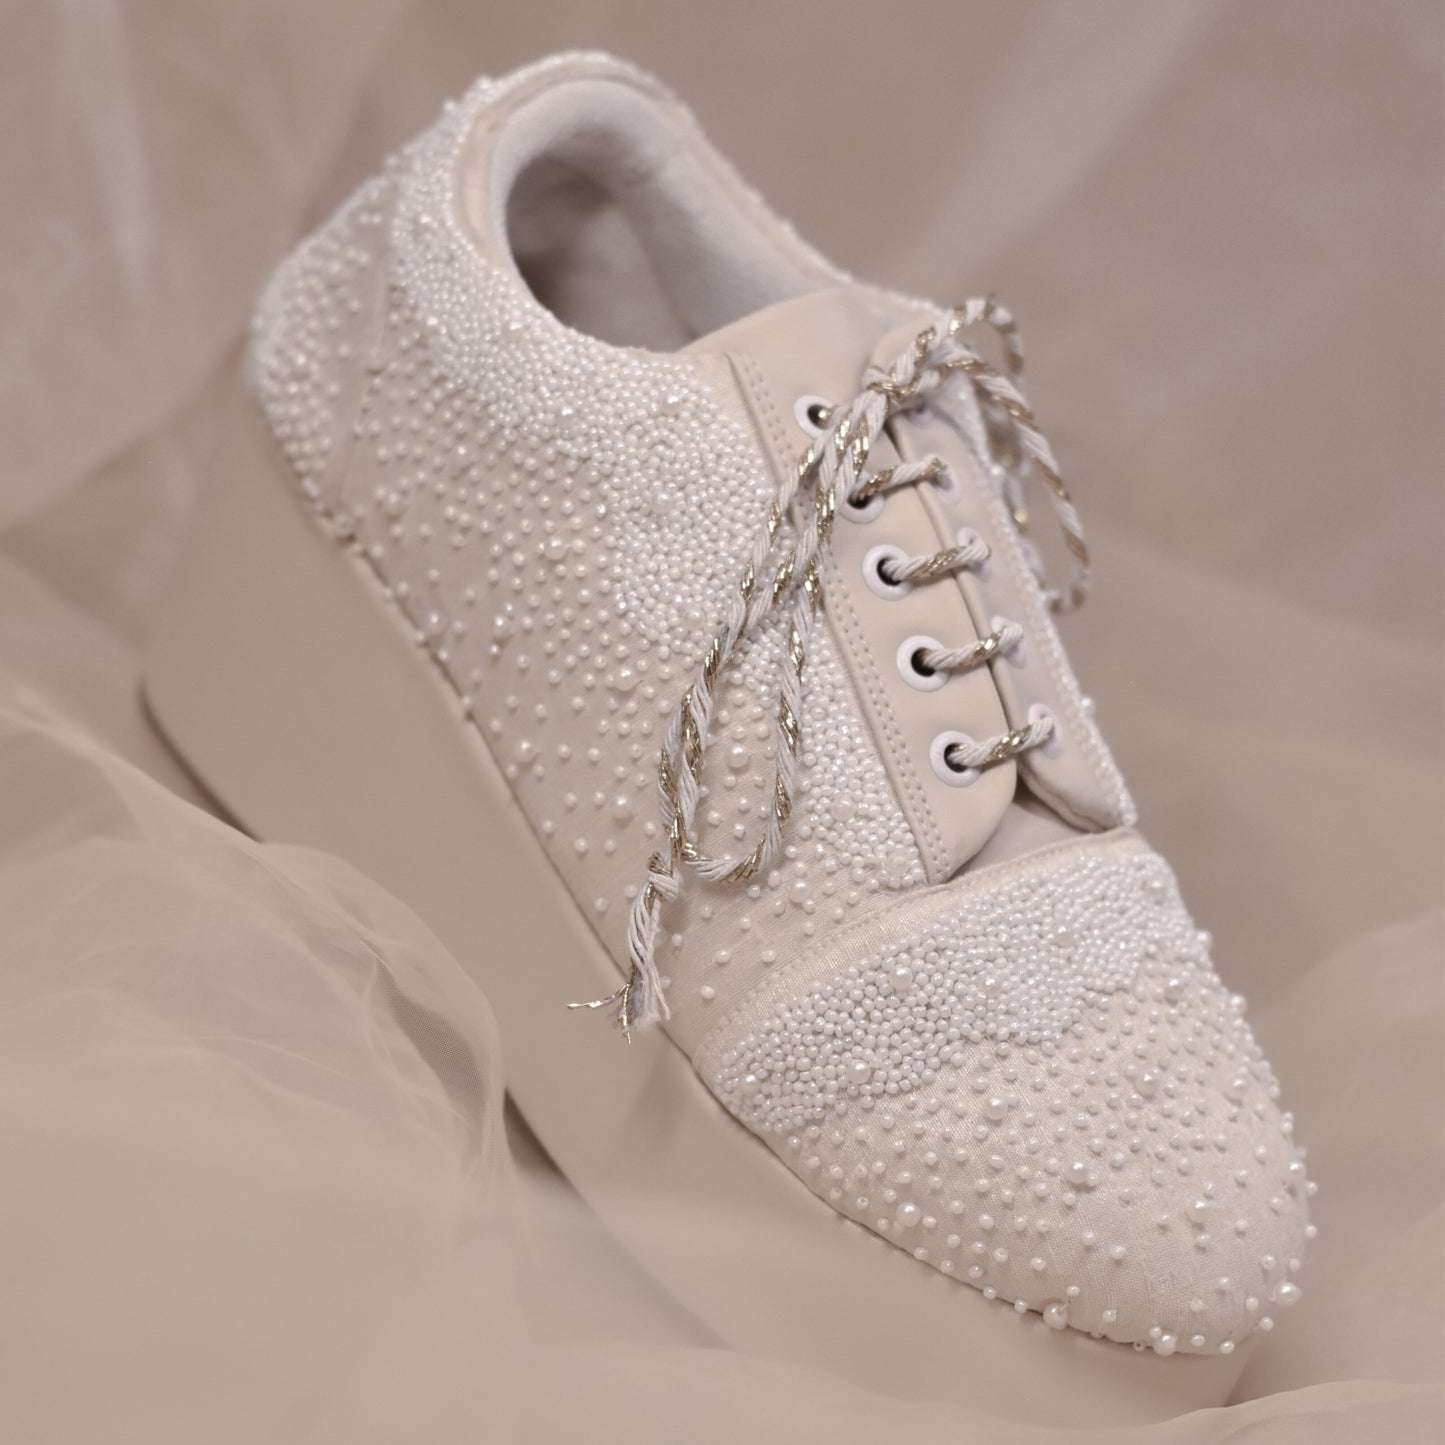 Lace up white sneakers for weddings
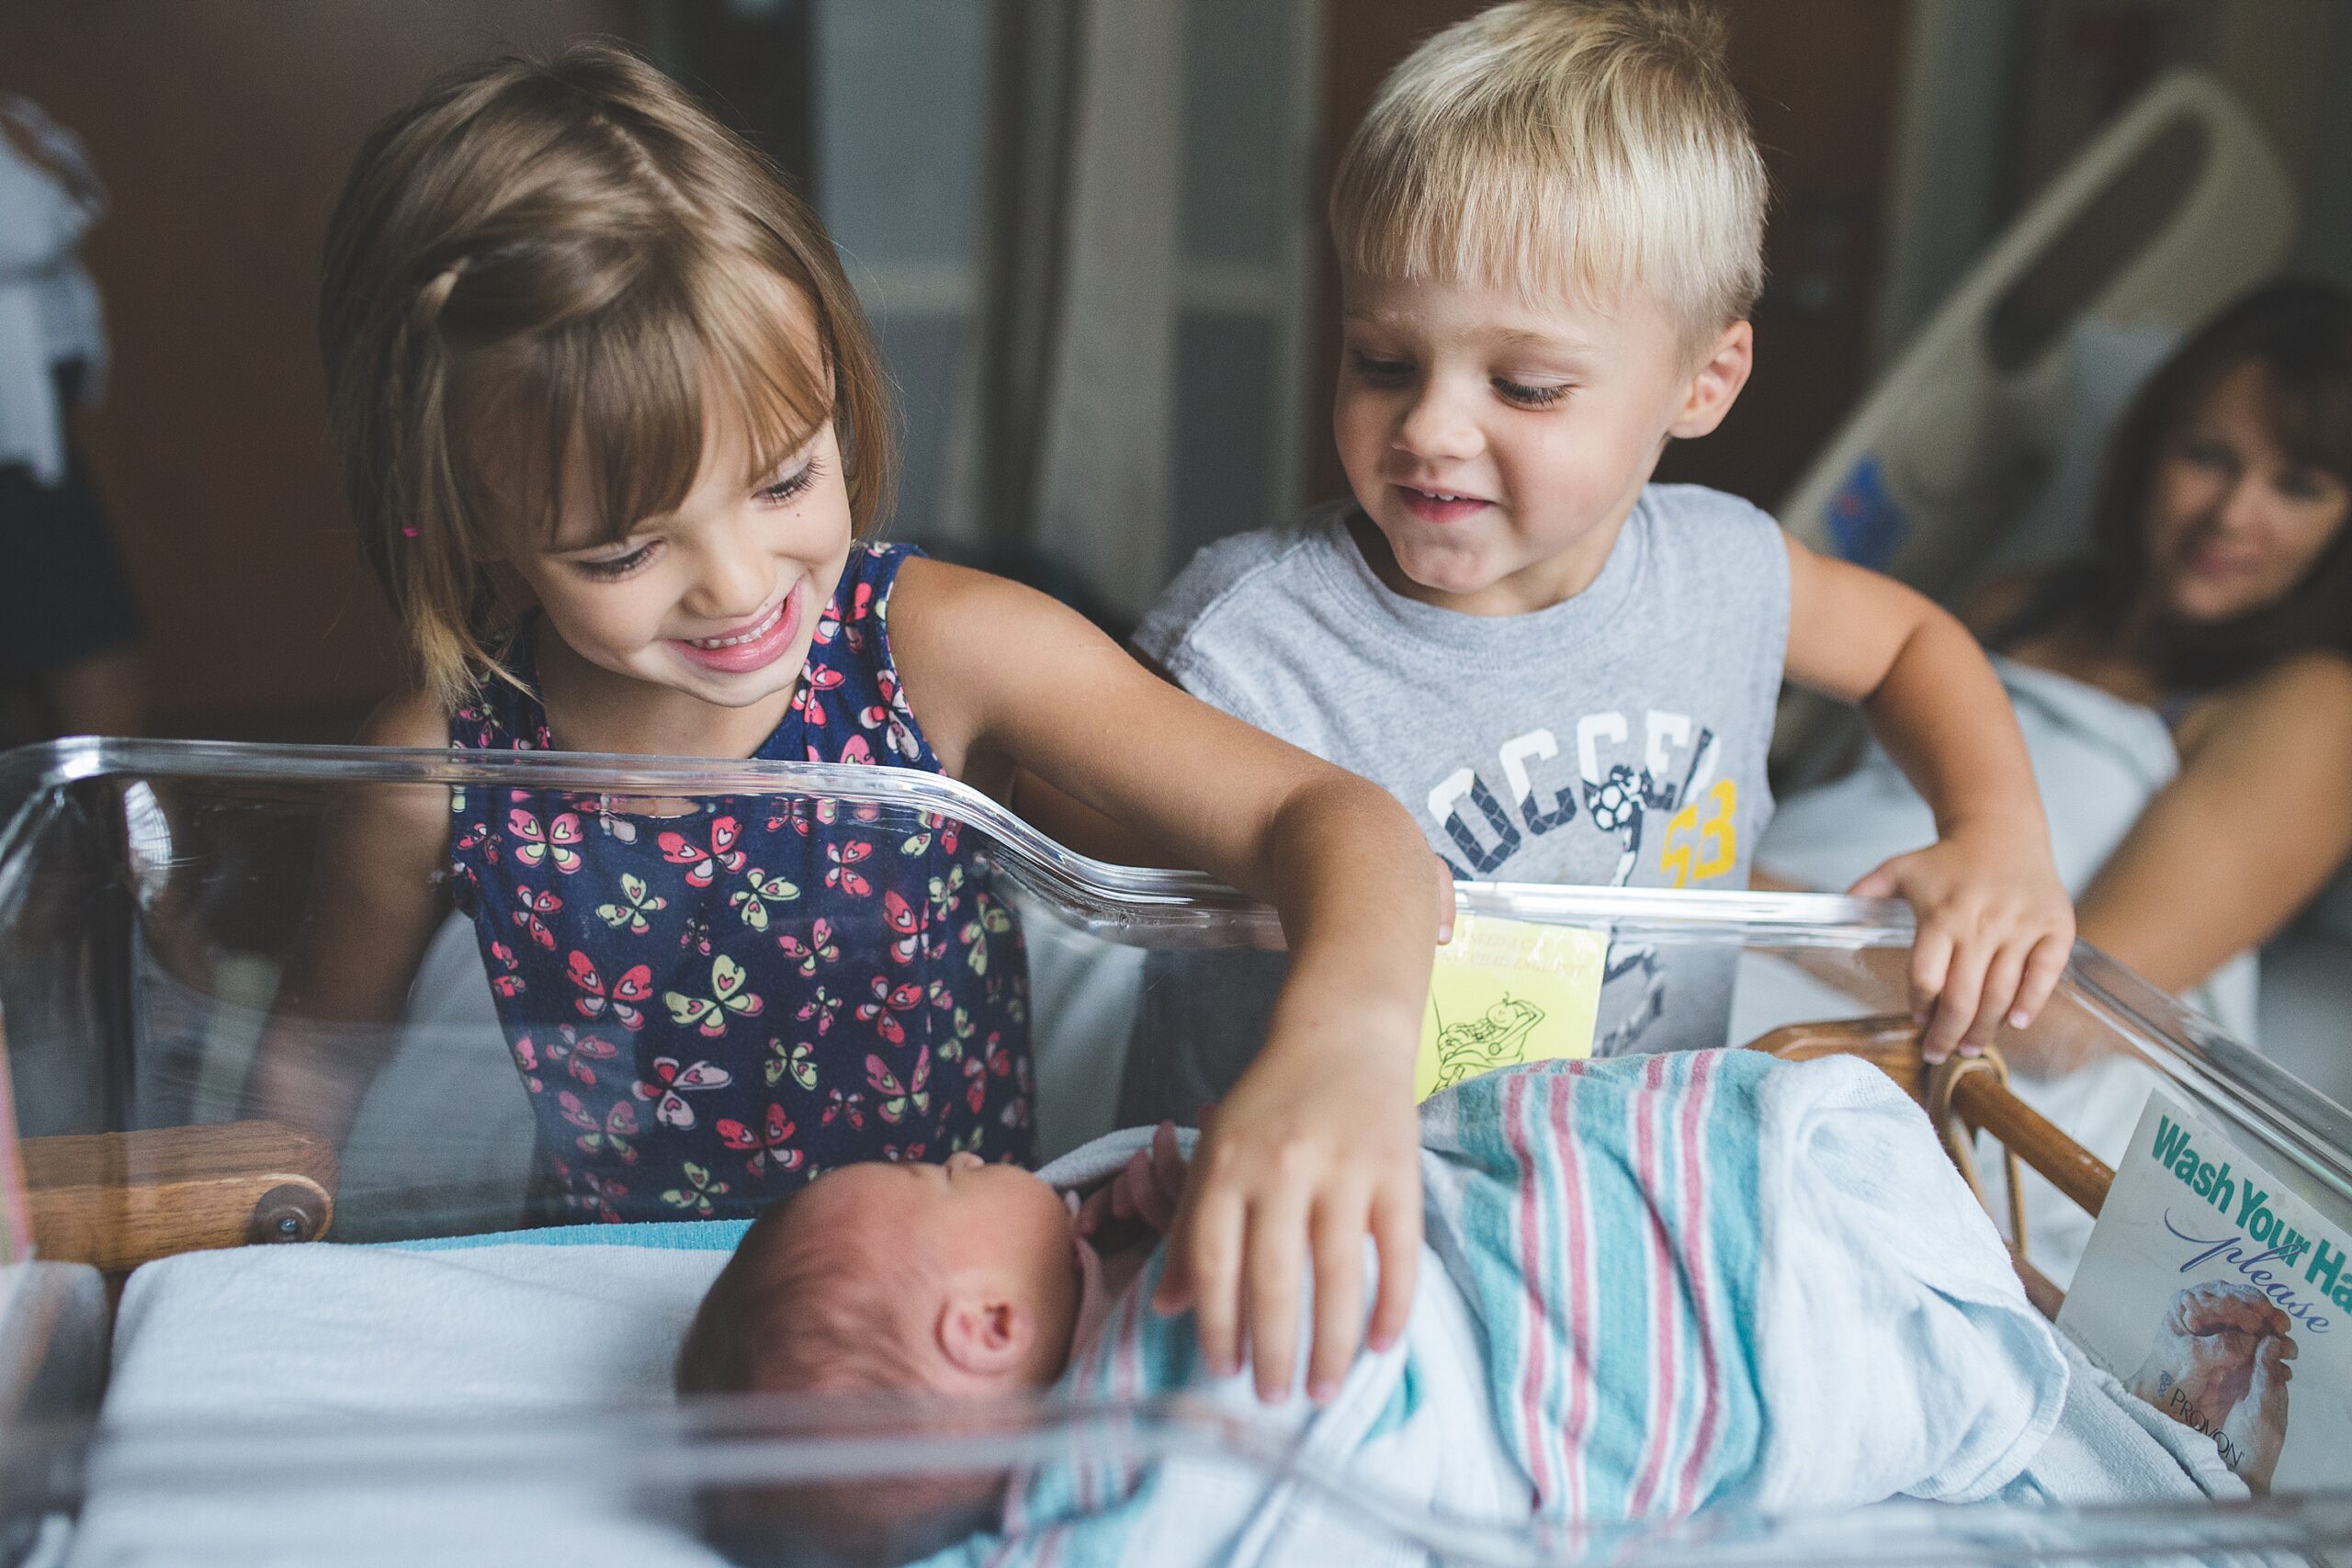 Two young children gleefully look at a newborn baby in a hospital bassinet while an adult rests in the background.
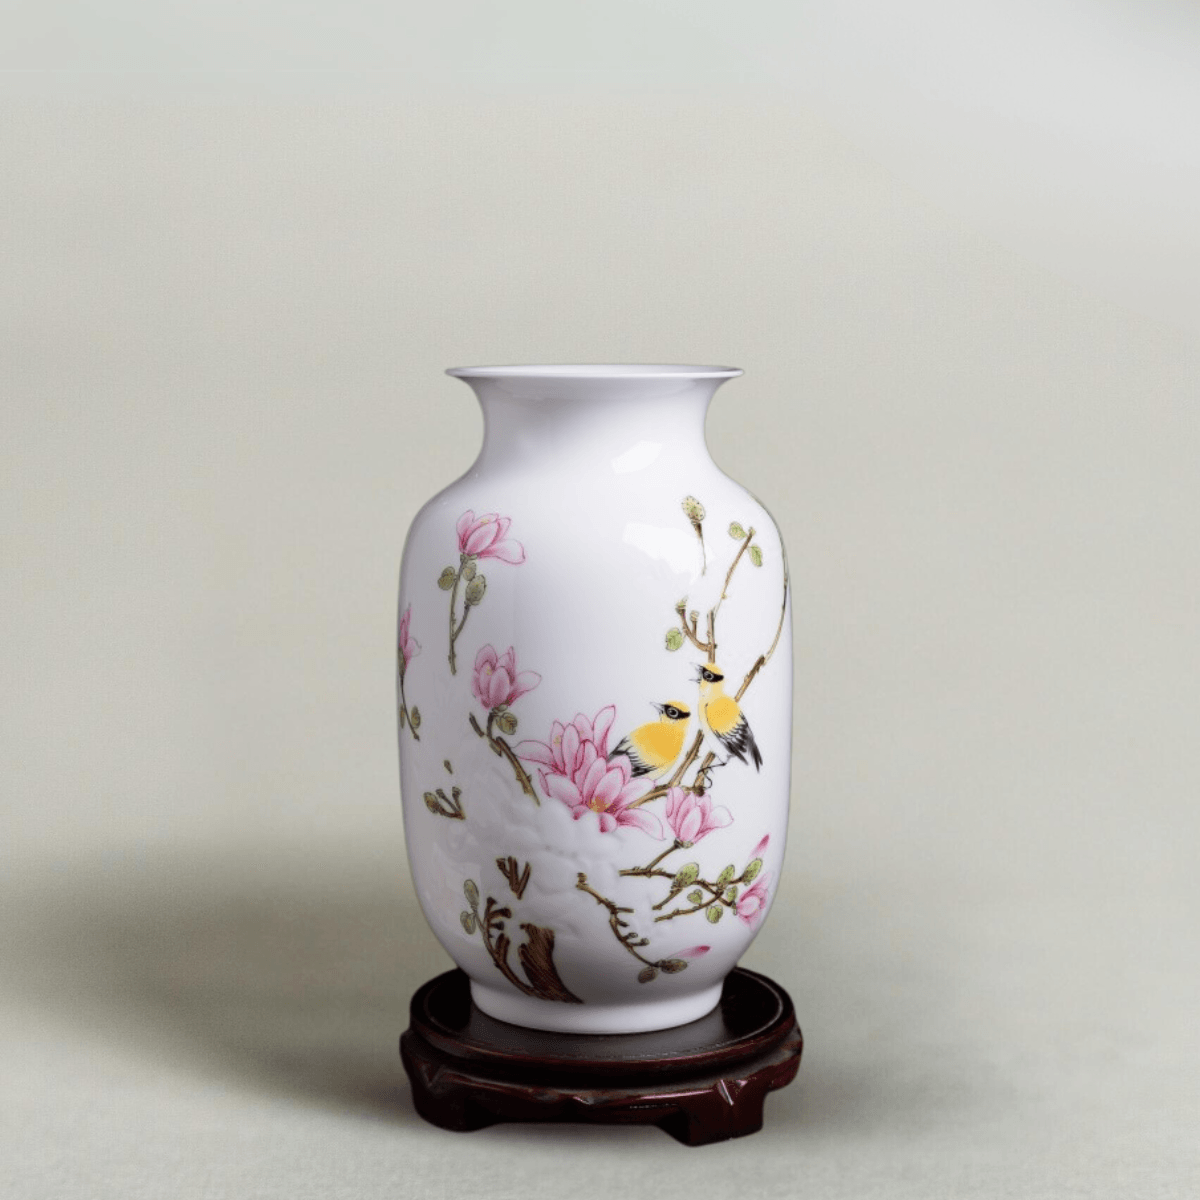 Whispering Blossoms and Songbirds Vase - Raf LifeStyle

____________

Print the listing again exactly, please. Keep the pictures out of it.

Exercise result -
 Lace up white sneakers for weddings
 Two young children gleefully look at a newborn baby in a hospital bassinet while an adult rests in the background.
 Whispering Blossoms and Songbirds Vase - Raf LifeStyle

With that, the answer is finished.